0

Context

So I have scraped API I found on a website but it only returns 100 data points. I got the data/API request via the:

'Inspect' aspect of the Chrome browser -> Network -> XHR (http://www.fao.org/faostat/en/?#data/QC).

There are 1000s. I realised that the data only shows 100 and has data in other pages so I decided to get the API urls for the other pages, place them in a list and call for them. Was not expecting much but the request went through.
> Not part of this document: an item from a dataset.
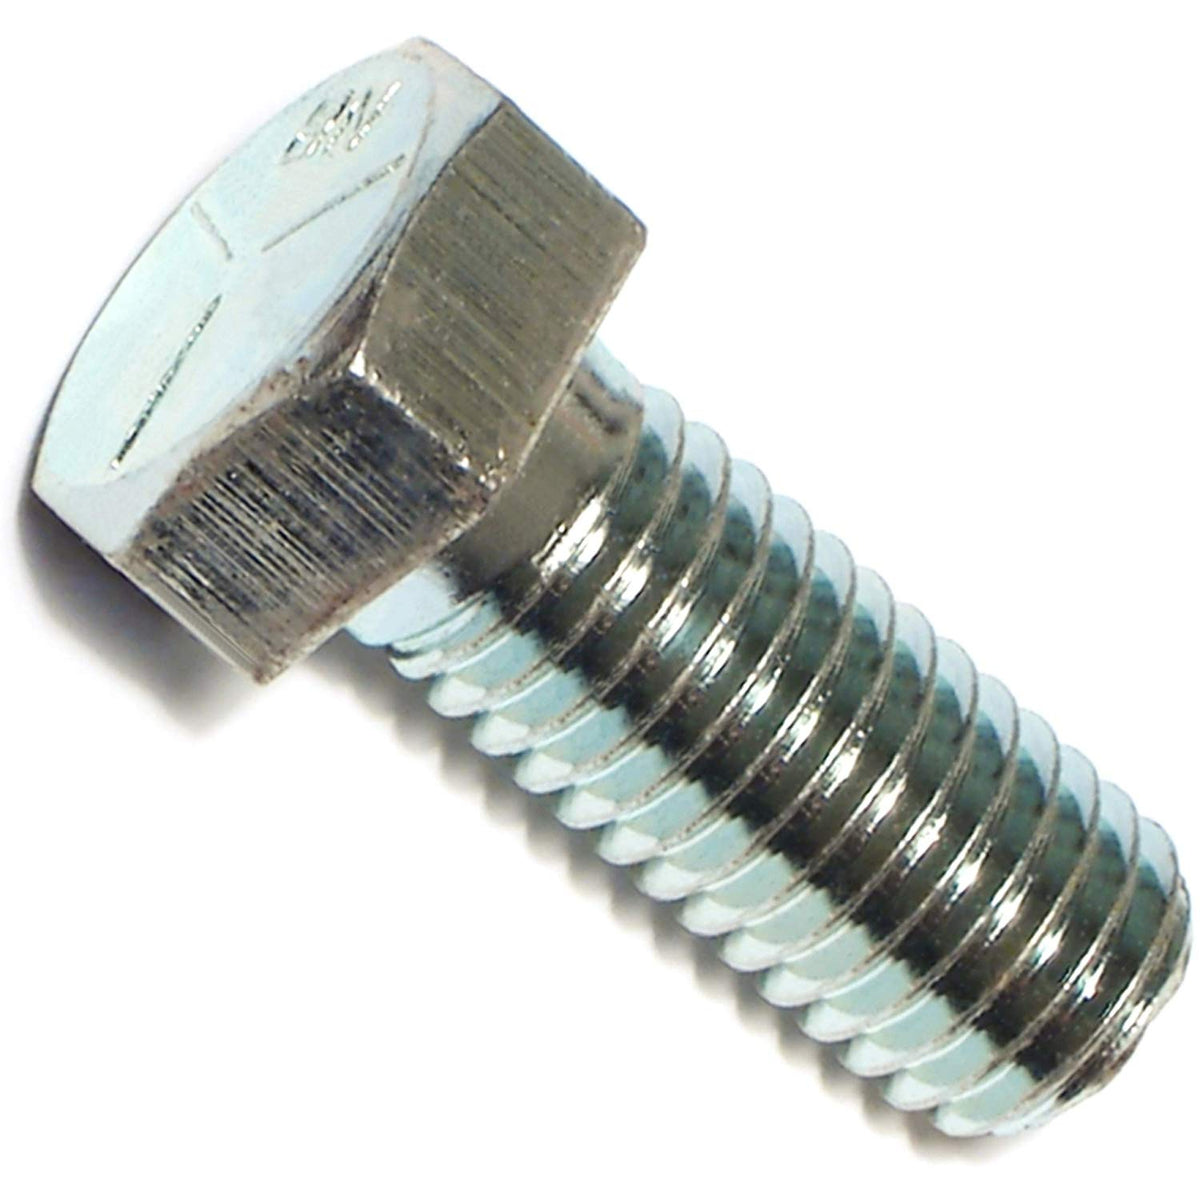 Midwest Fastener 53386 Steel Coarse Thread Screws, 5/8-11 x 1-1/2"
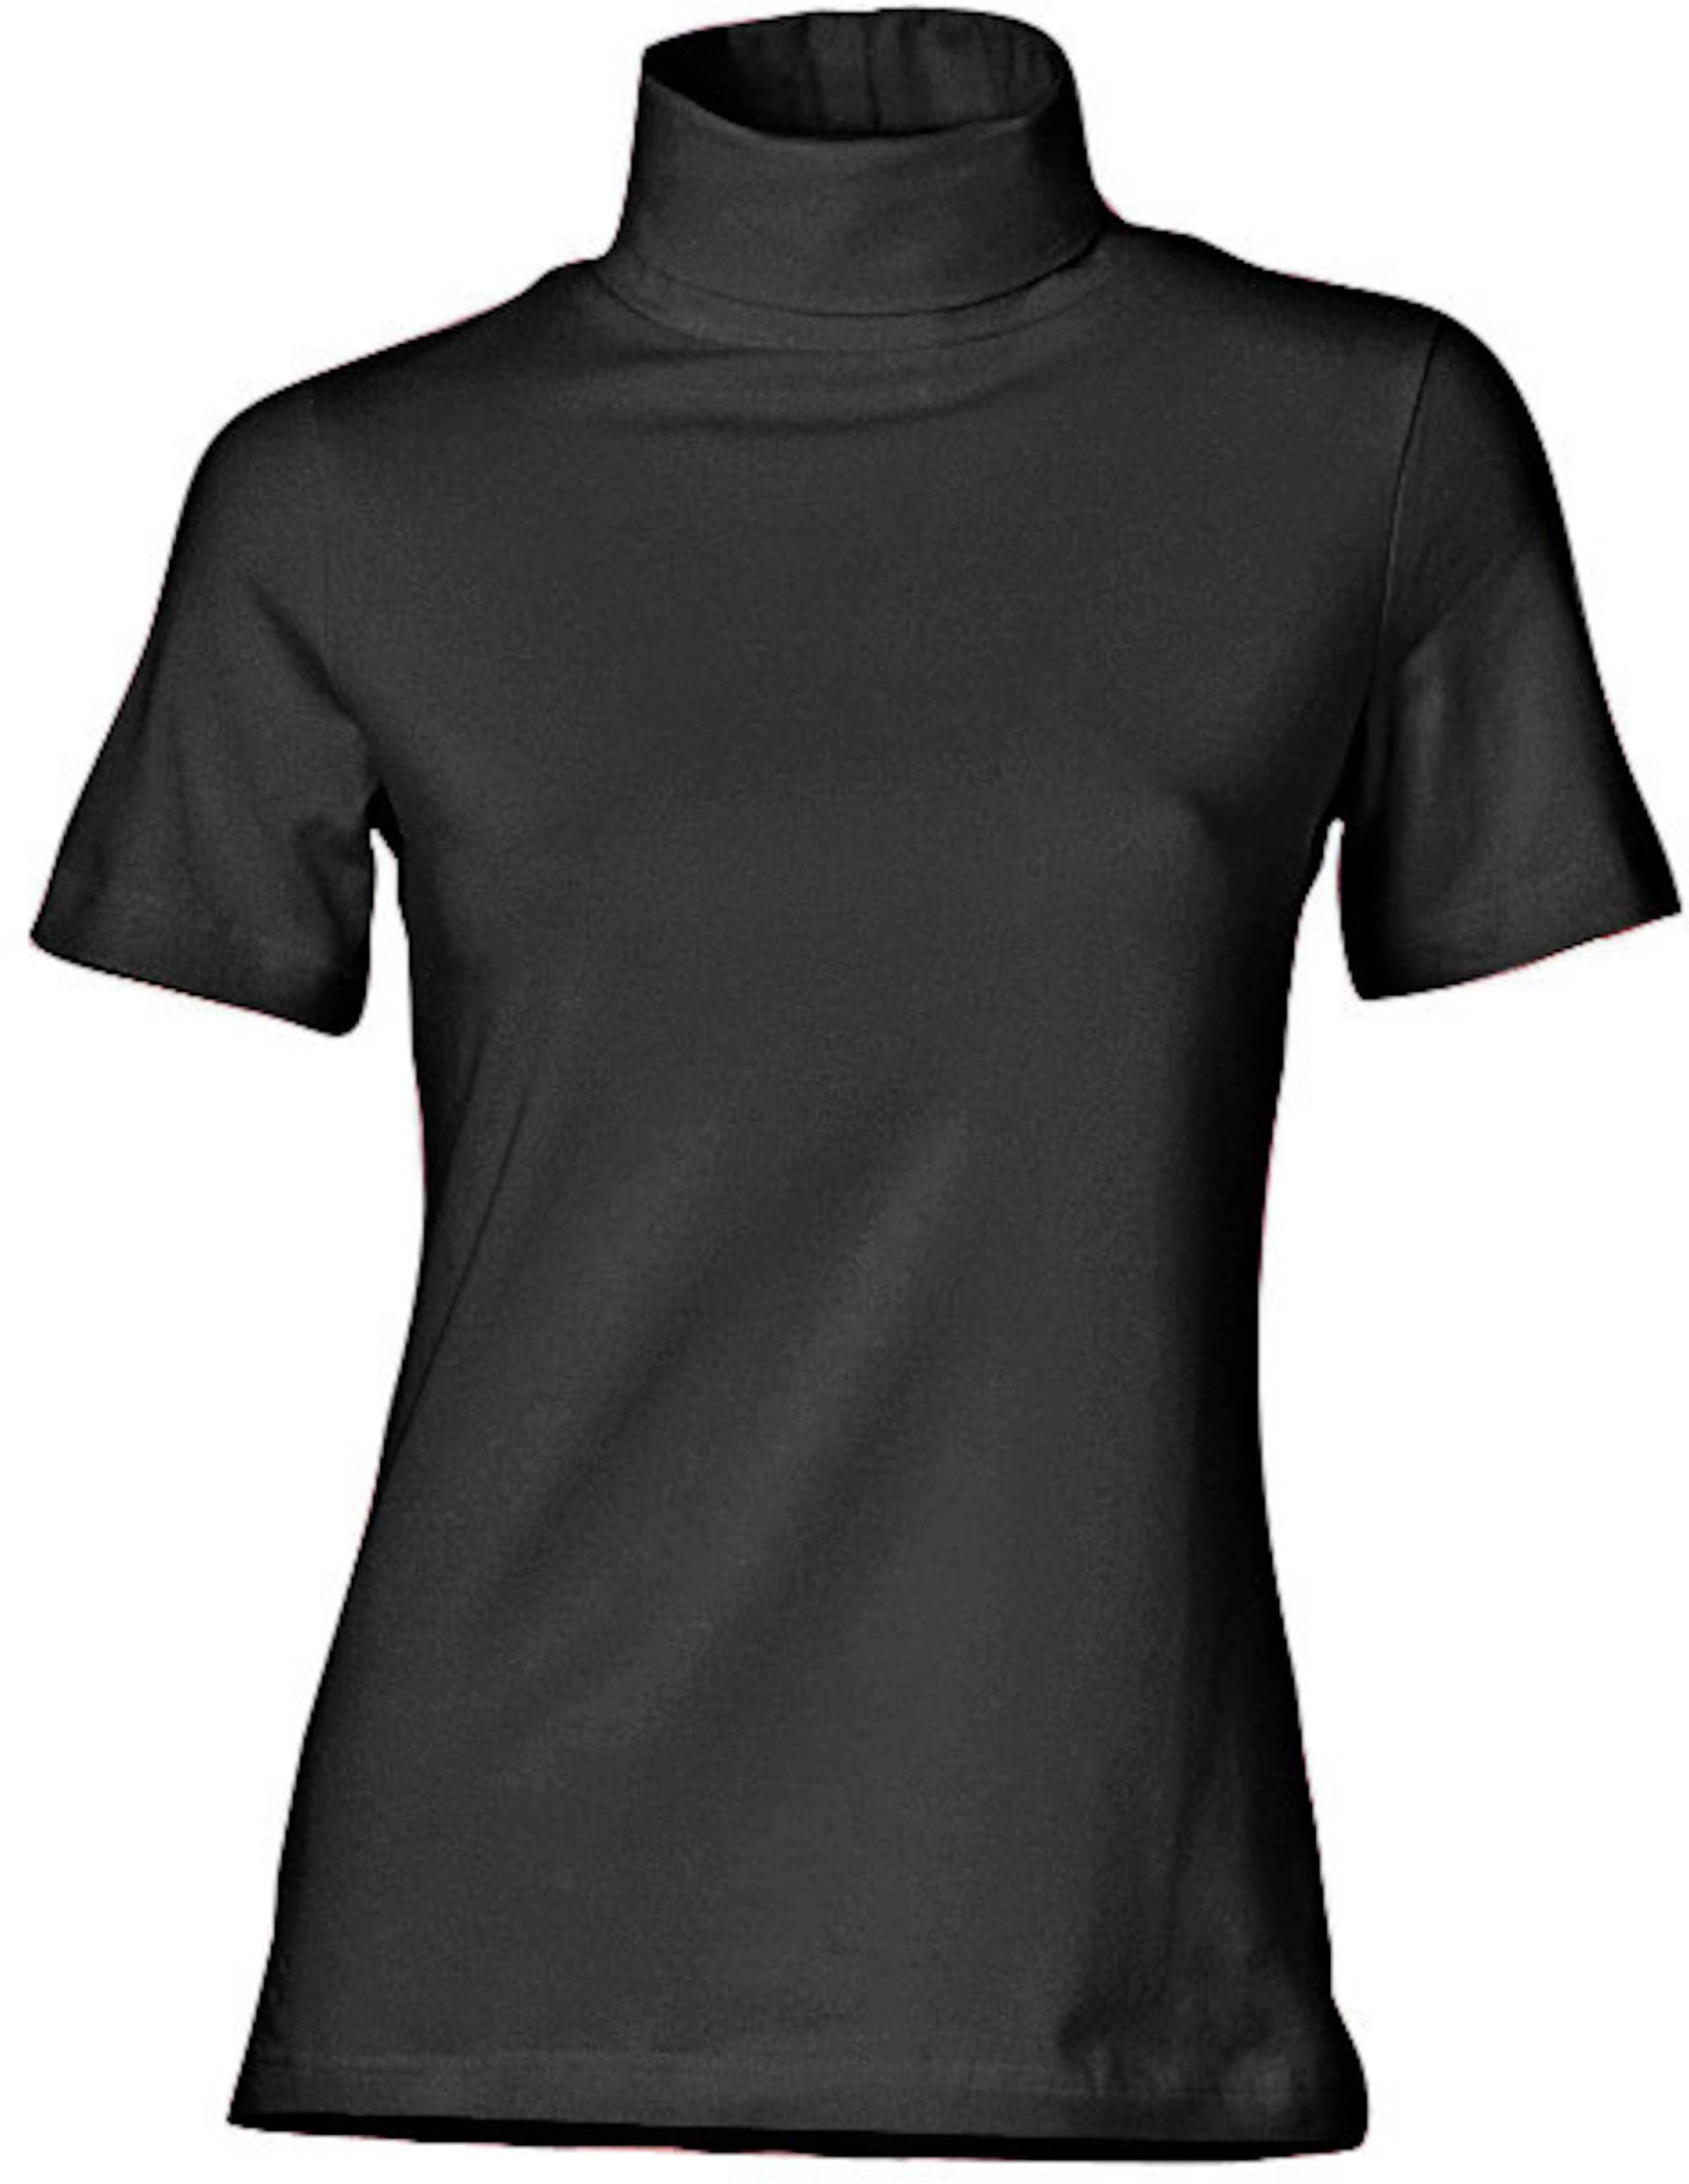 Rollkragen-Shirt in schwarz von heine

I then converted the data into a json format and then a pandas dataframe. I checked the info and found only 100, the original amount was return though it did return a different data set (page 2 data).

So I thought to create a function, define all the API urls and then create a for loop for the function.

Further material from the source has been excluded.